I’ll leave you to read it – but it does seem as though Charles is retiring from Social Audit.

I hope that his retirement plans do not include a bungalow near Bournemouth or a round the world cruise on the QE2.

What his plans actually are I do not know, but I trust they will involve the use of a computer and the internet… There’s too much left undone to stop now!

That’s it really – I’d just like to say thanks very much.

Where do we go from here?

So, where do we go from here?

My thanks to Charles Medawar of Social Audit for this summing up:

In the immediate future, there is potential for progress on three main fronts – none politically attractive, though all central to the future health and reputation of pharmaceutical medicine.

First, we need urgently to examine the meaning of personal responsibility in corporate settings: specifically, the General Medical Council (GMC) should now investigate and rule on the conduct of Dr Alastair Benbow. Both would in some way be on trial. The GMC is a professional court with feudal if honourable traditions, with still some way to catch up with the climate of the late 20th century. As for Dr. Benbow, he seemed so sincere in his advocacy for the drug, so replete with reassurance, that his position must now be clarified. Did he critically review the relevant scientific evidence before making these claims? Was he a leader in some cynical process, or kept well ignorant and brilliantly coached in his denials? The latter seems much more probable, but we need to know for sure. Are these horrible and damaging drug disasters driven by knaves, fools, or victims – or some, none or all of the above? The GMC must now rise to the occasion: we need some definitive view.

Secondly, what of the proposed prosecution of GlaxoSmithKline by the UK authorities (led by the Medicines and Healthcare products Regulatory Agency)? In the USA, civil actions will progress later this year, seeking to link the now damning factual evidence with tragic human consequences. But in Britain, are we now due for a replay of Prime Minister Blair’s recent decision to abort the bribery investigation into British Aerospace (BAE), on the grounds of national interest and security? What is the MHRA up to? Their last word (7 April 2006) was this: “The conduct of the investigation required the Enforcement Division of the MHRA to consider over a million pages of scientific and other documentation which comprised the factual background to the case. A team of medics and scientists from across the MHRA assisted with this. The process of considering documents is now completed and documents are only reviewed now if they come to light as new evidence. Potential witnesses from inside the MHRA have been interviewed and notes have been taken from them, from which statements will be drafted. These statements seek to convert the findings of the review of the scientific and regulatory documentation in to evidence suitable for the conduct of a criminal trial, if appropriate … once the criminal investigation has been concluded a file will be forwarded to prosecuting lawyers within the legal department of the Department of Health.

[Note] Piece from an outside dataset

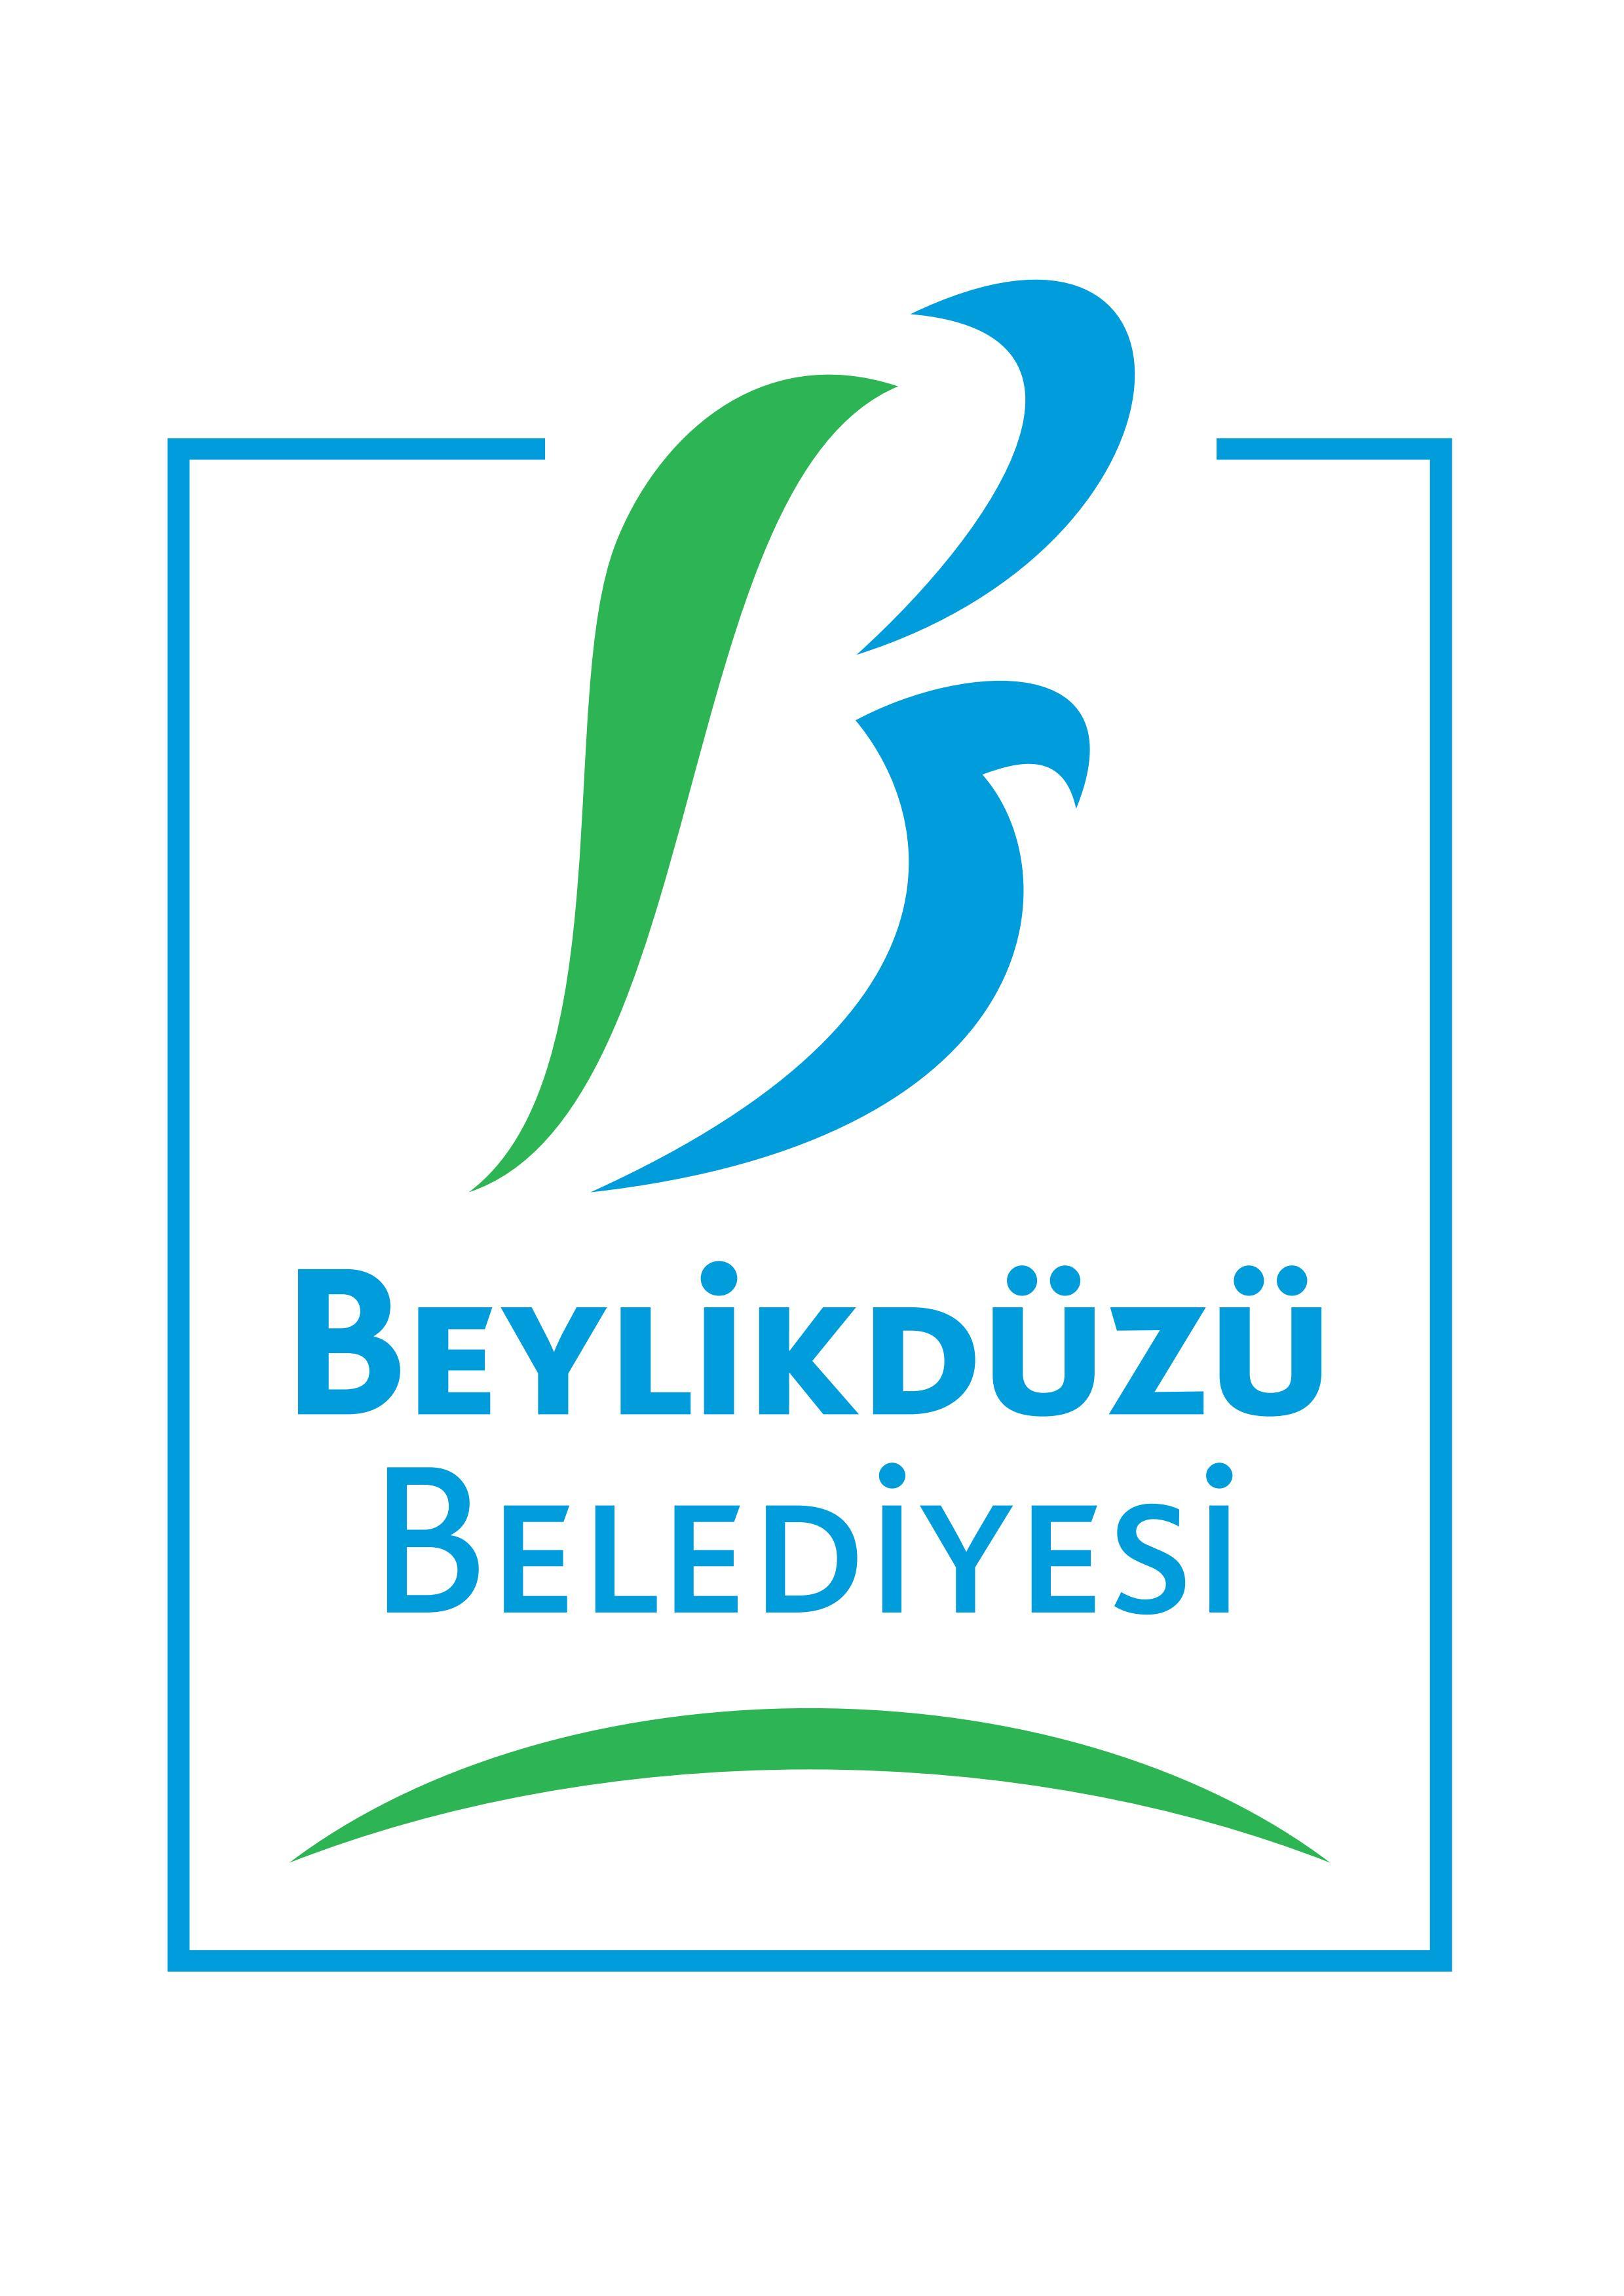 Beylikdüzü Belediyesi Logo png

They will apply the Code for Crown Prosecutors to decide whether or not there will be a prosecution.”

Thirdly, we urgently need some proper enquiry into the conduct and effectiveness of the UK drug regulators themselves – the Medicines and Healthcare products Regulatory Agency (MHRA) – in line with the 2005 recommendations of the Parliamentary Health Committee, in its report on ‘The Influence of the Pharmaceutical Industry’. The evidence from this and earlier Panorama programmes hugely underlines the importance of this main recommendation: “During this long inquiry we became aware of serious weaknesses in the MHRA. Worryingly, in both its written and oral evidence the Agency seemed oblivious to the critical views of outsiders and unable to accept that it had any obvious shortcomings, except those that could be remedied by more transparency. The Agency’s attitude to its public health responsibilities suggested some complacency and a lack of requisite competency, reducing our confidence in its ability to undertake the reforms needed to earn and deserve public trust. Nor did we conclude that the MHRA provides the discipline and leadership that this powerful industry needs. We recommend that there be an independent review of the MHRA …”

Oh yes – and we also go to the High Court taking Glaxo with us.